The complaint that the trial judge did not charge the exact phraseology of the statute as to the defendant’s statement to the jury (Penal Code, §1010) is not well founded. It has several times been held that a trial judge can very appropriately confine his charge upon the defendant’s statement to the exact language of the code section. See Fields v. State, 2 Ga. App. 41 (4), 47 (58 S. E. 327), and cit. But it does not necessarily follow that an instruction upon the subject of the statement is erroneous because the exact language of the code section is not quoted verbatim. In the present ease there is no material variation between the language employed by the trial judge in charging upon the defendant’s statement and the language of the law.
To charge the jury that the law presumes 'every act which is of itself unlawful to be criminally intended, until the contrary appears, is not erroneous as being the expression of an opinion by the court upon the evidence; nor could the instruction have been harmful to the defendant in this case.
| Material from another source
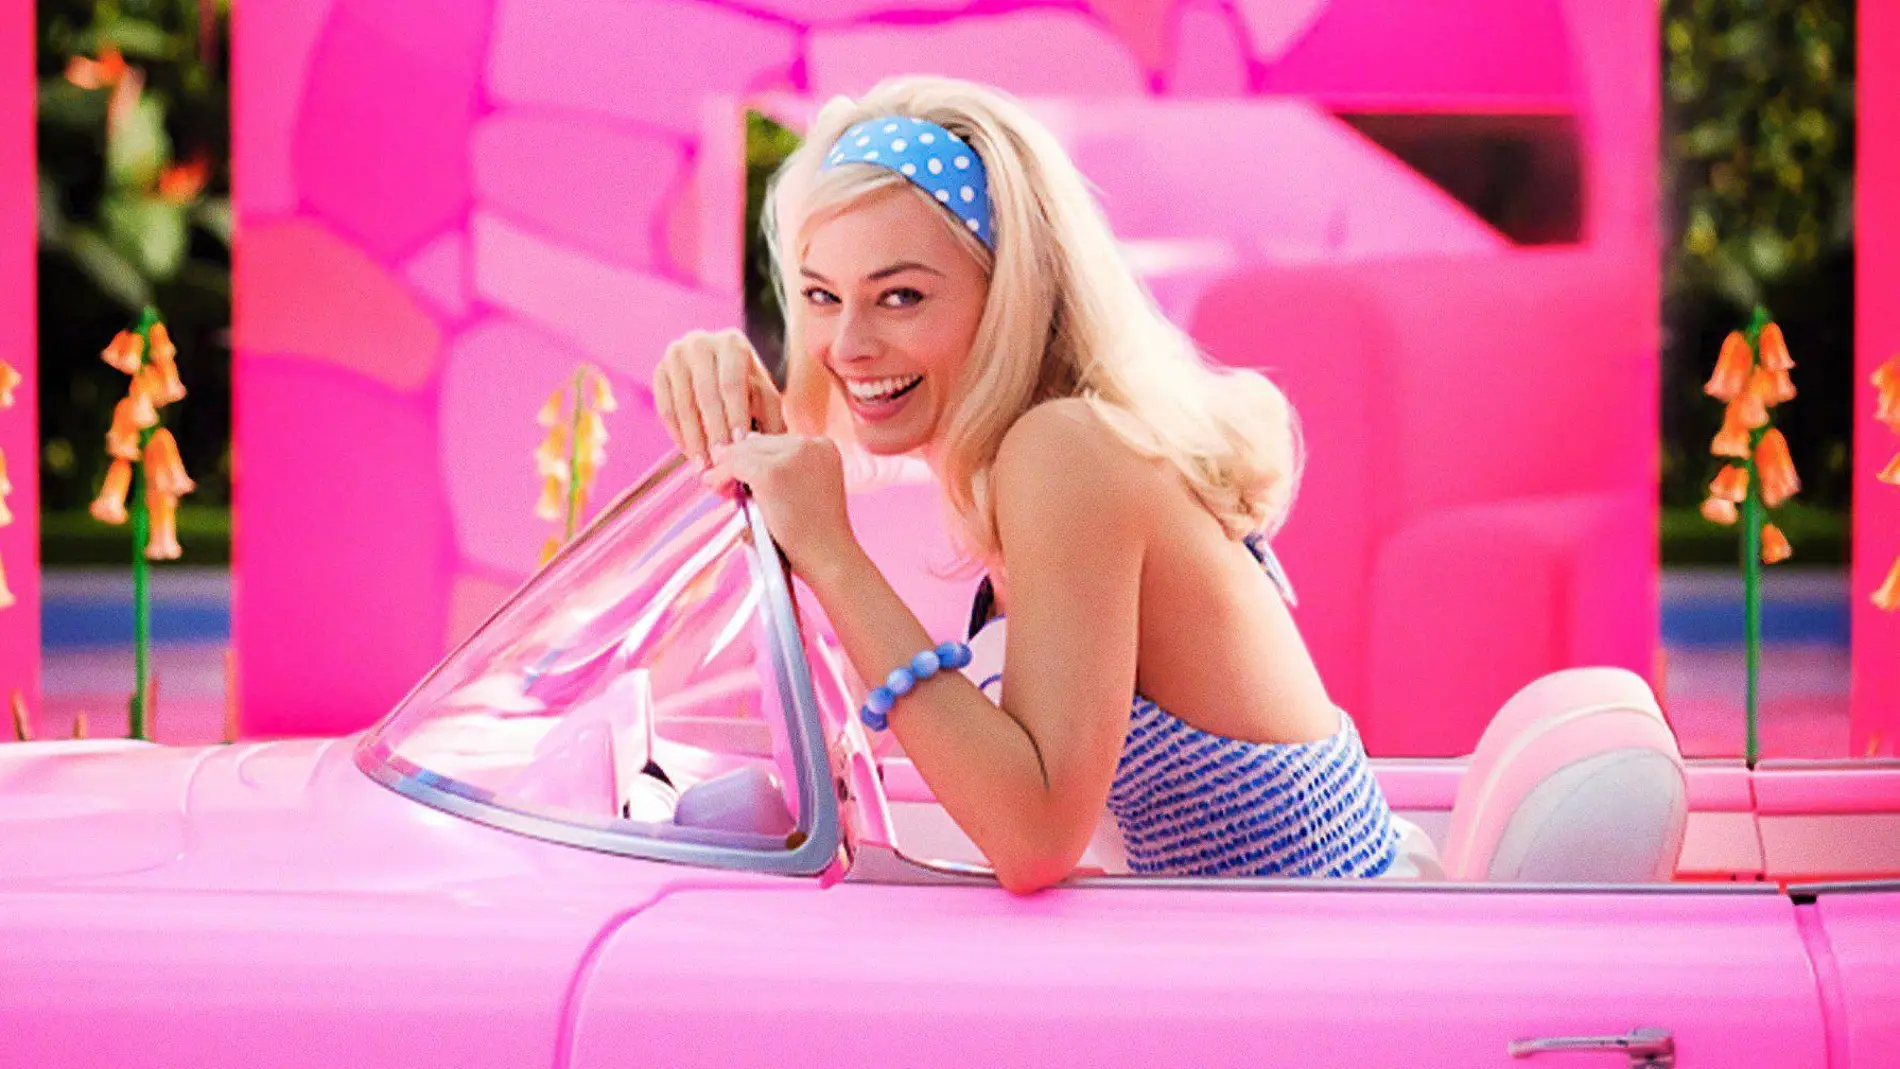 El cumpleaños a lo Barbie de Margot Robbie durante el rodaje, con sorpresa de su marido incluida

We do not think that the judge was required, in giving the jury the form of their verdict, to repeat the instruction which he had previously given, that the jury’s verdict should be based upon their opinion of the evidence. And while his use of the words “you desire” was perhaps inappropriate, in the instruction as to the form of the verdict (where he said, “in the 'event you desire to find the defendant guilty, under the rules of law given you in charge, the form of your verdict would be, ‘We, the jury, find him guilty”’), yet as the same expression was used both as to a verdict of acquittal and as to a verdict of conviction, it does not appear that the error is material or harmful to the defendant.
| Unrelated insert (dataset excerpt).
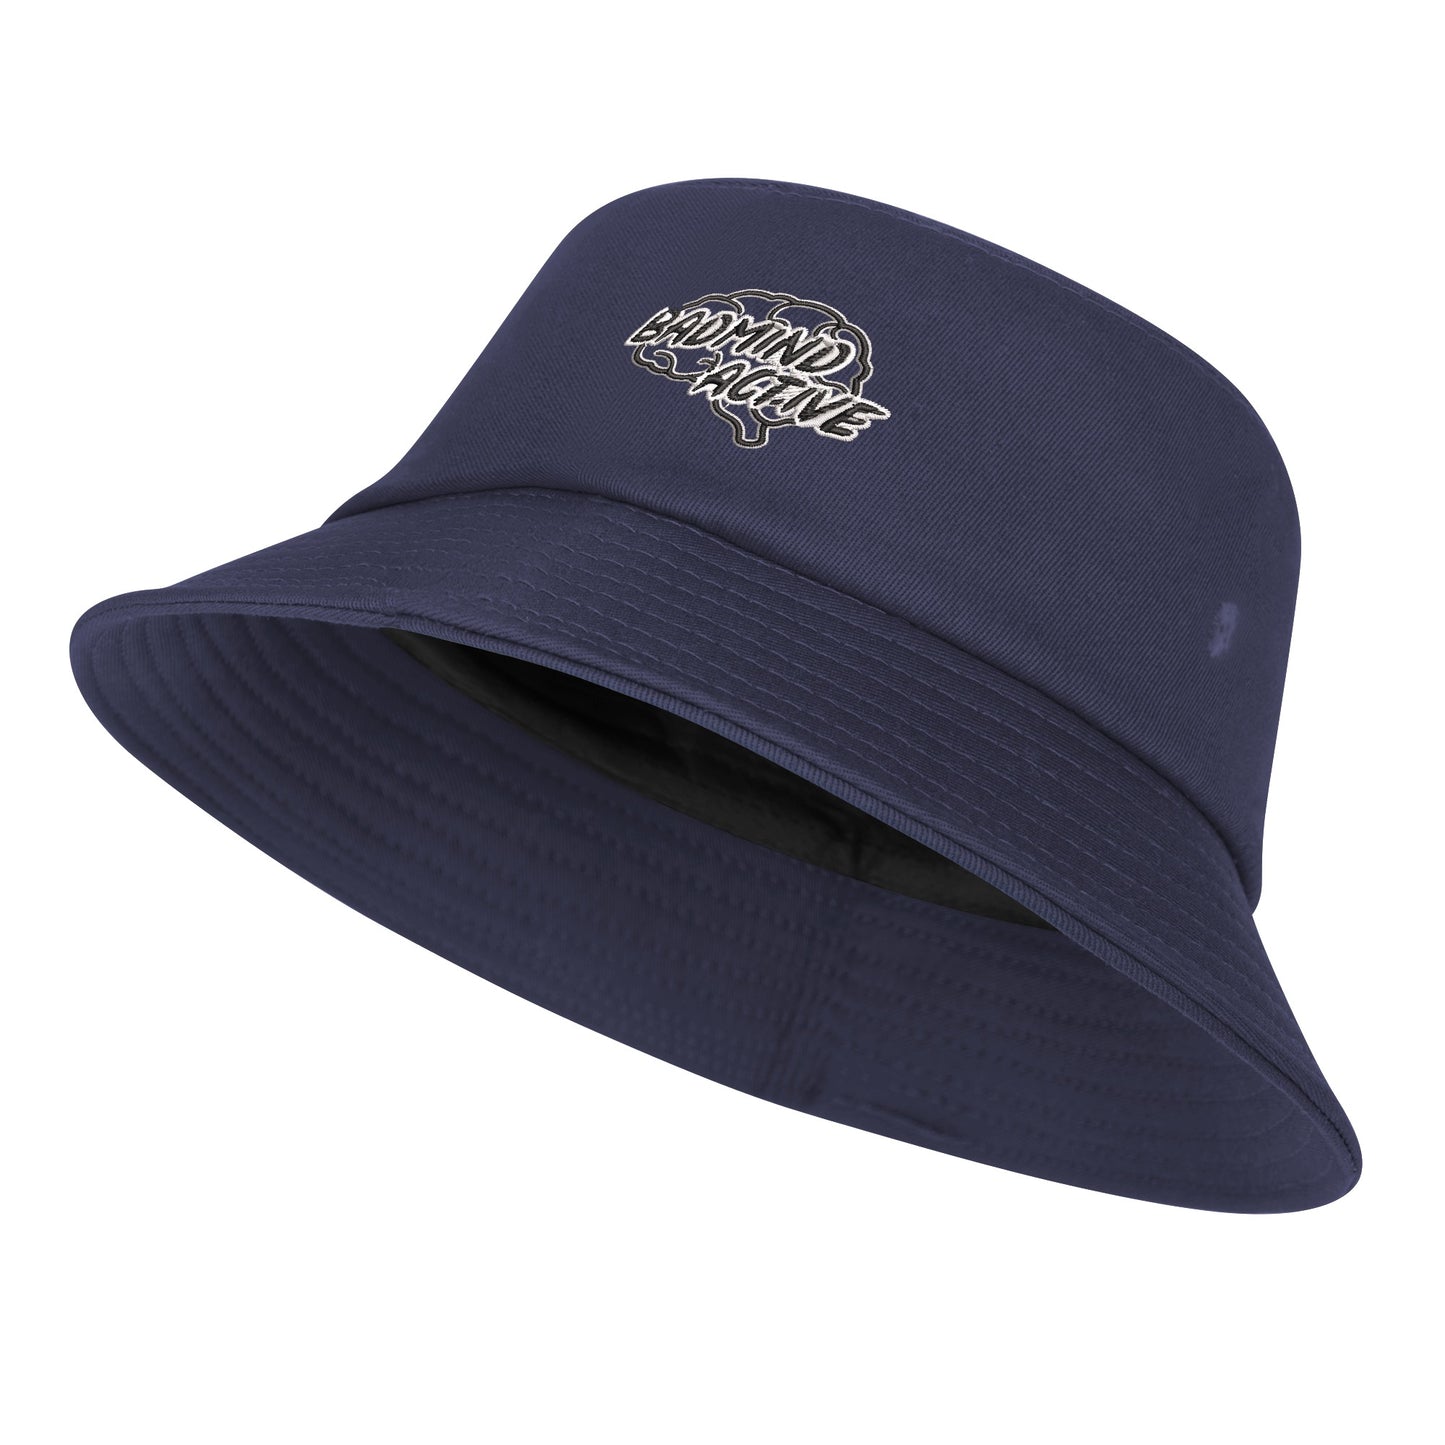 FZ Unisex Bucket Hats - FZwear

The charge of the court that the defendant “would have to acquire a fair claim of right by purchase,' before he could have such a fair claim of right as the law recognizes,” is manifestly incorrect and erroneous, if treated as a general statement of the law. But inasmuch as the whole question in the present case was whether the defendant had purchased the flour in question or not, and inasmuch as he did not claim any right to the flour except by purchase, the error could not be harmful, — could not have con*729fused the jury or have hampered them iu fairly and fully construing the evidence introduced in behalf of the defendant. So far as the case at bar was concerned, the defendant could not acquire a fair claim of right except by purchase. Witnesses for the State testified that the defendant took the flour without purchasing it. And there was testimony in behalf of the defendant, outside of his statement, that he purchased the sack of flour and paid for it. This, therefore, became the crucial point in the case. And while the charge of the court that the defendant had to show that he obtained the property by purchase was incorrect as a general proposition, it was not injurious to him, for the jury were informed that if he purchased the flour, or if they were in doubt as to whether he purchased it or not, he should be acquitted. As he did not deny taking the flour, and rested his right to take it only upon the fact that he had purchased it, other methods by which he might readily have acquired title to the flour were immaterial to his defense. Judgment affirmed.